DATASET CONTENT =
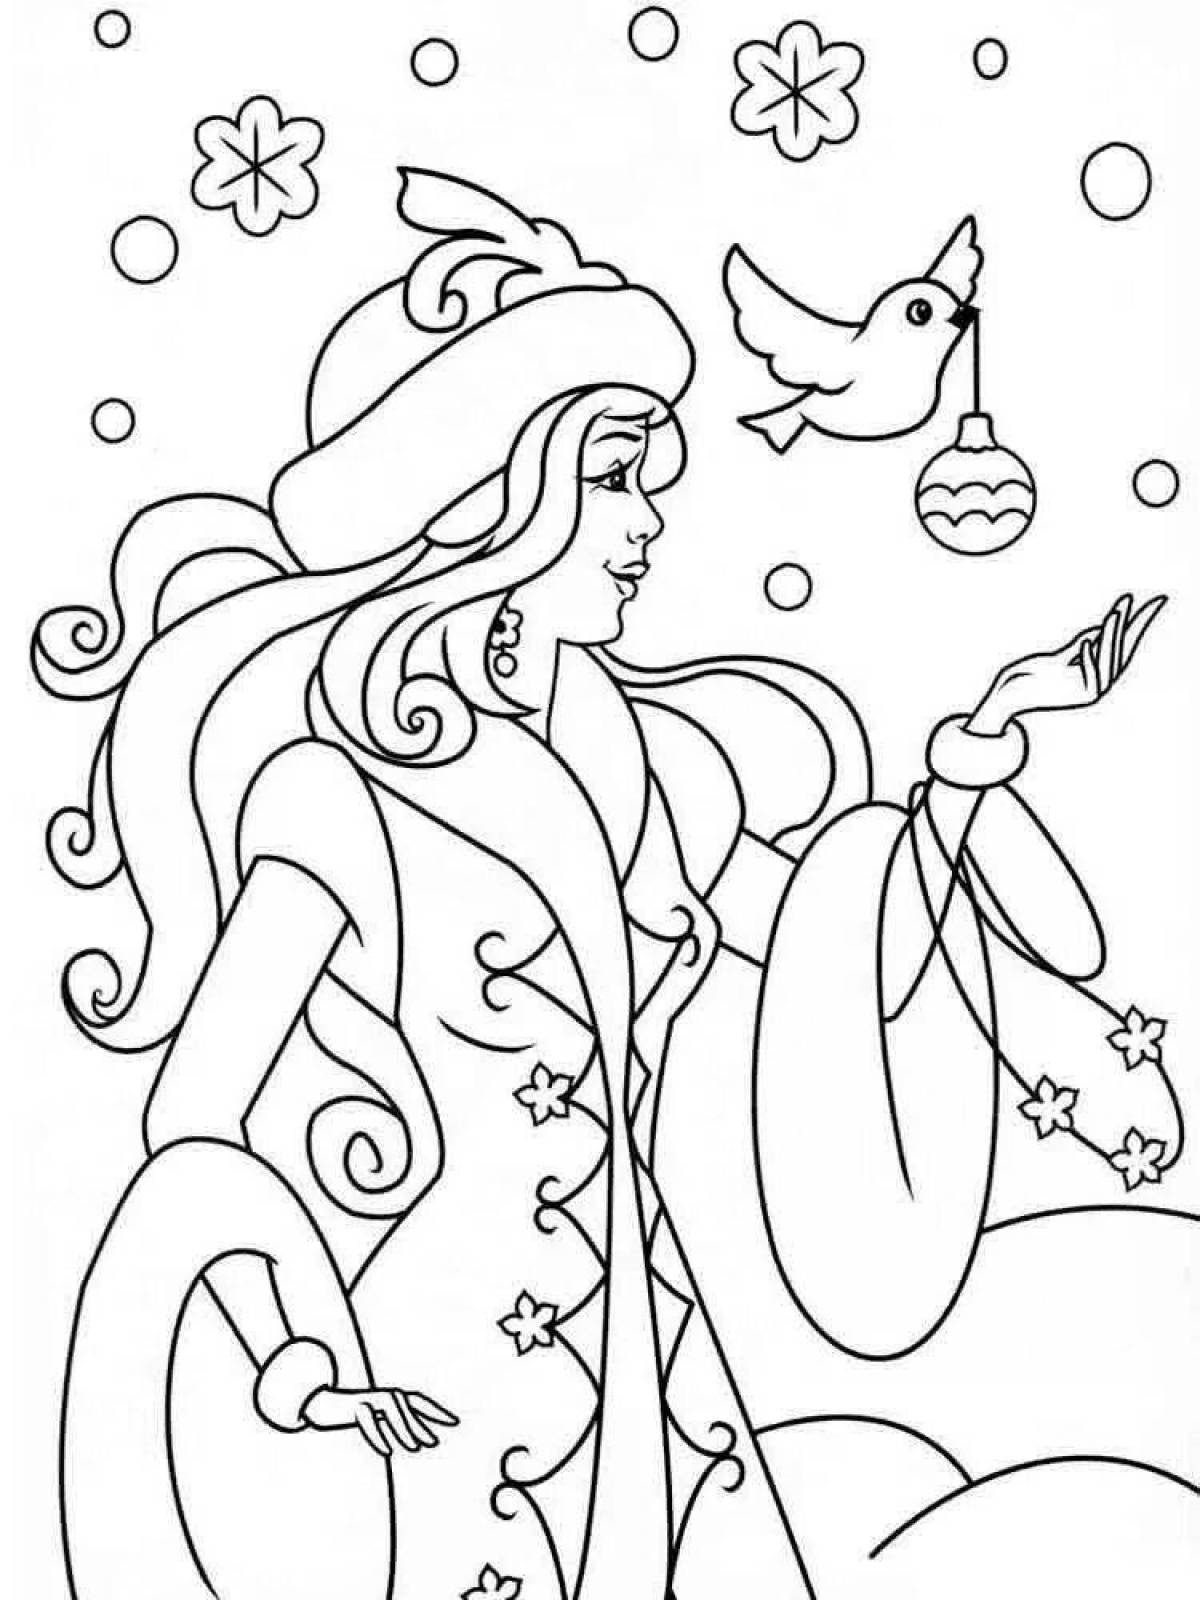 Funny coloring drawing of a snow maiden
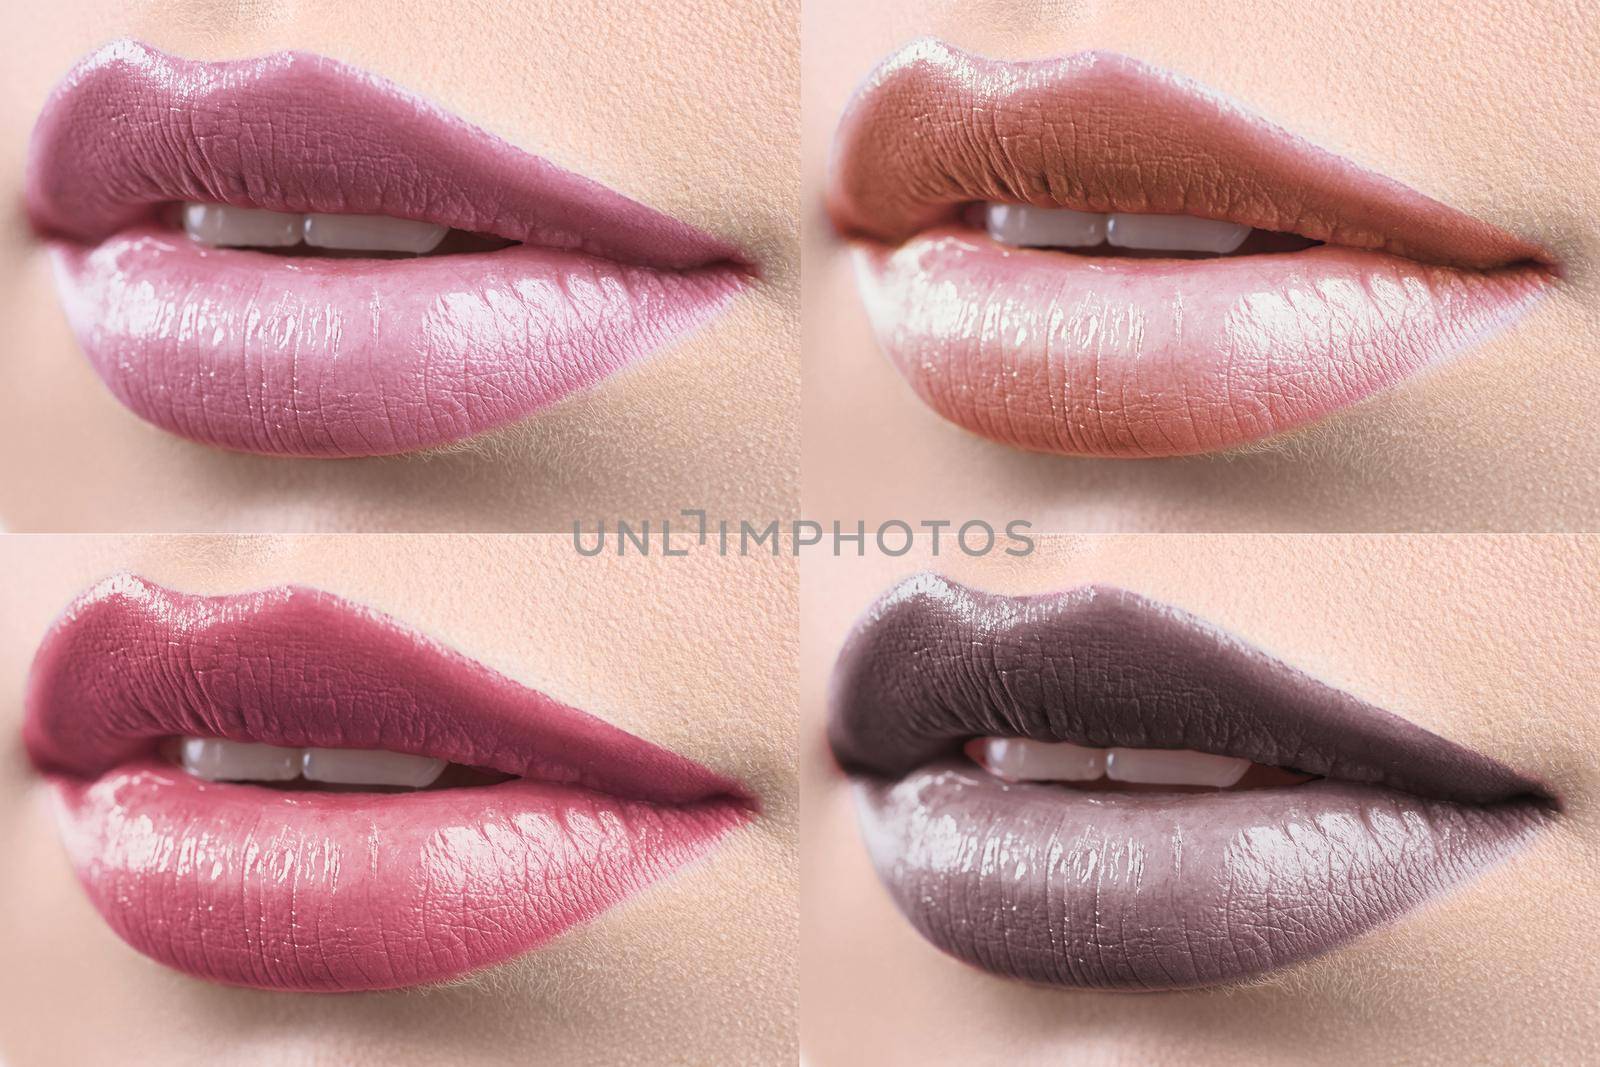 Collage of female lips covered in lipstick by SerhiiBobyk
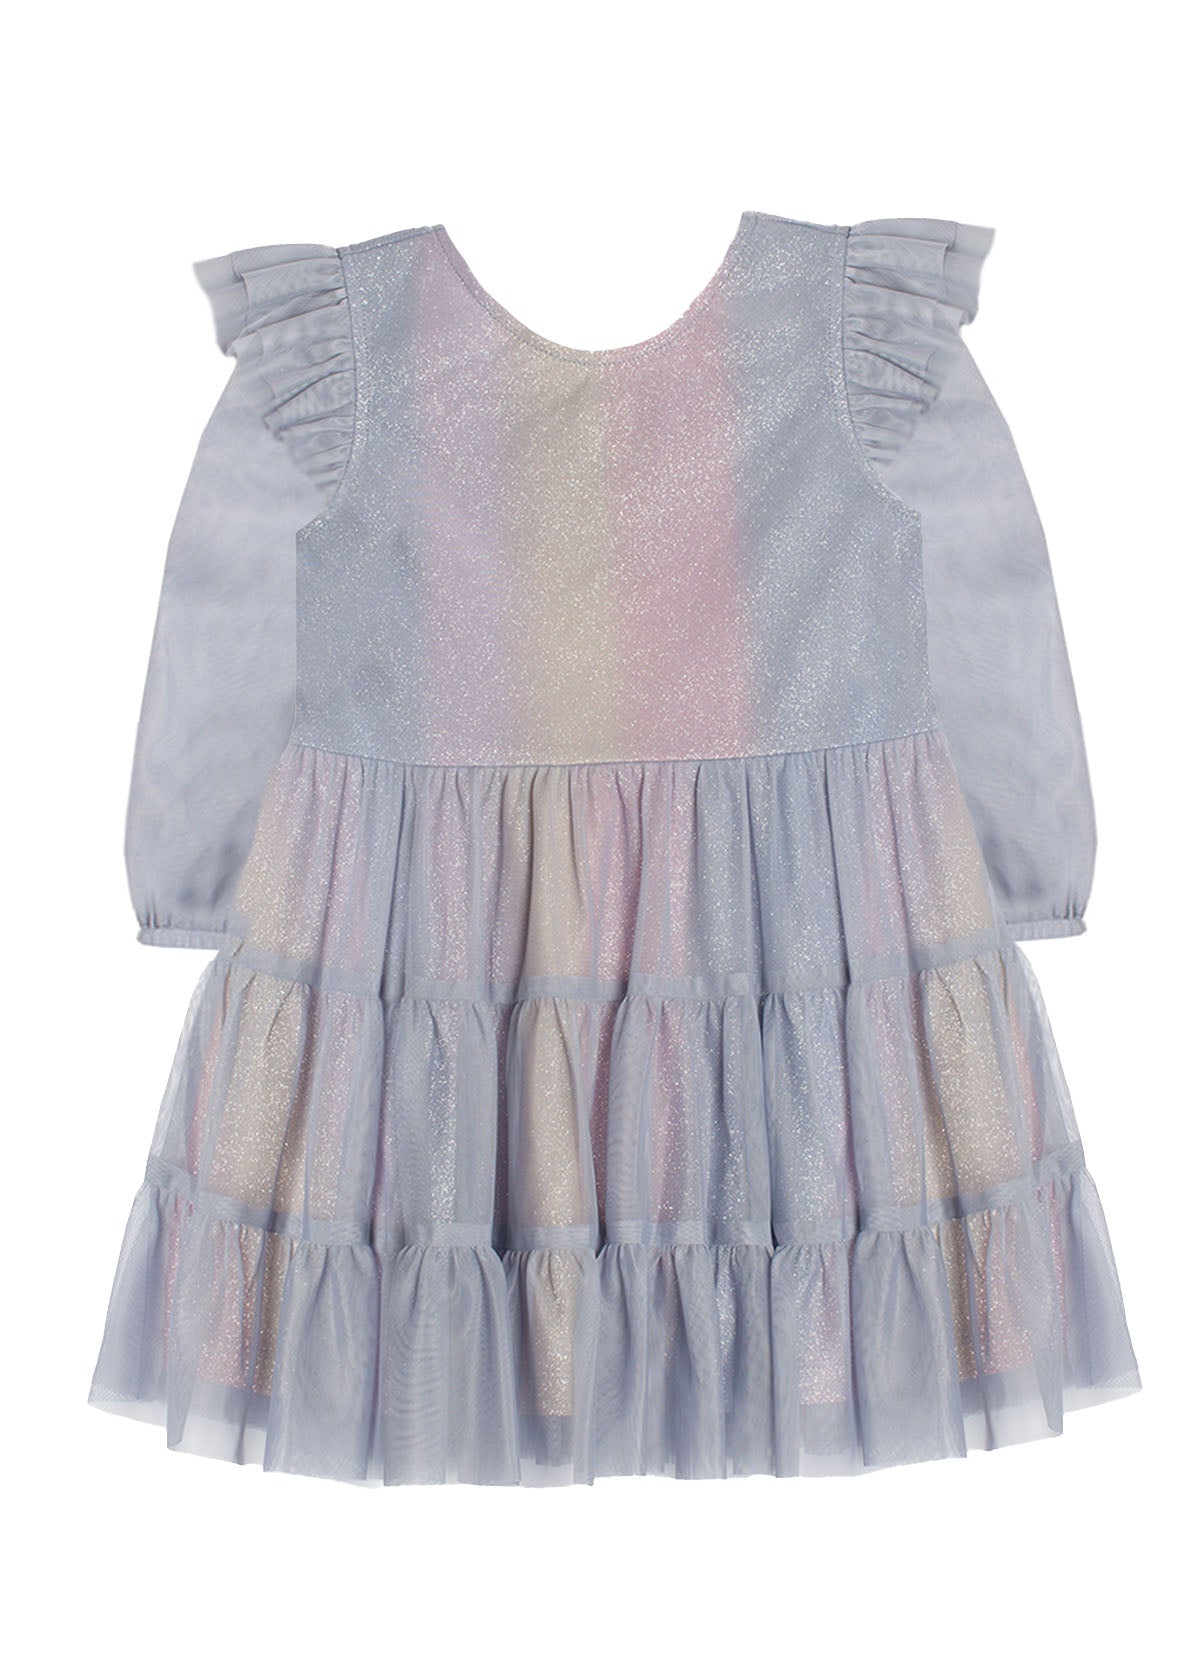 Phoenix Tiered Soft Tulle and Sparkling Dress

YOUR OBJECTIVE =
Please repeat the listing above word for word, with the pictures removed.

THE COMPLETED TASK =
 Funny coloring drawing of a snow maiden
 Collage of female lips covered in lipstick by SerhiiBobyk
 Phoenix Tiered Soft Tulle and Sparkling Dress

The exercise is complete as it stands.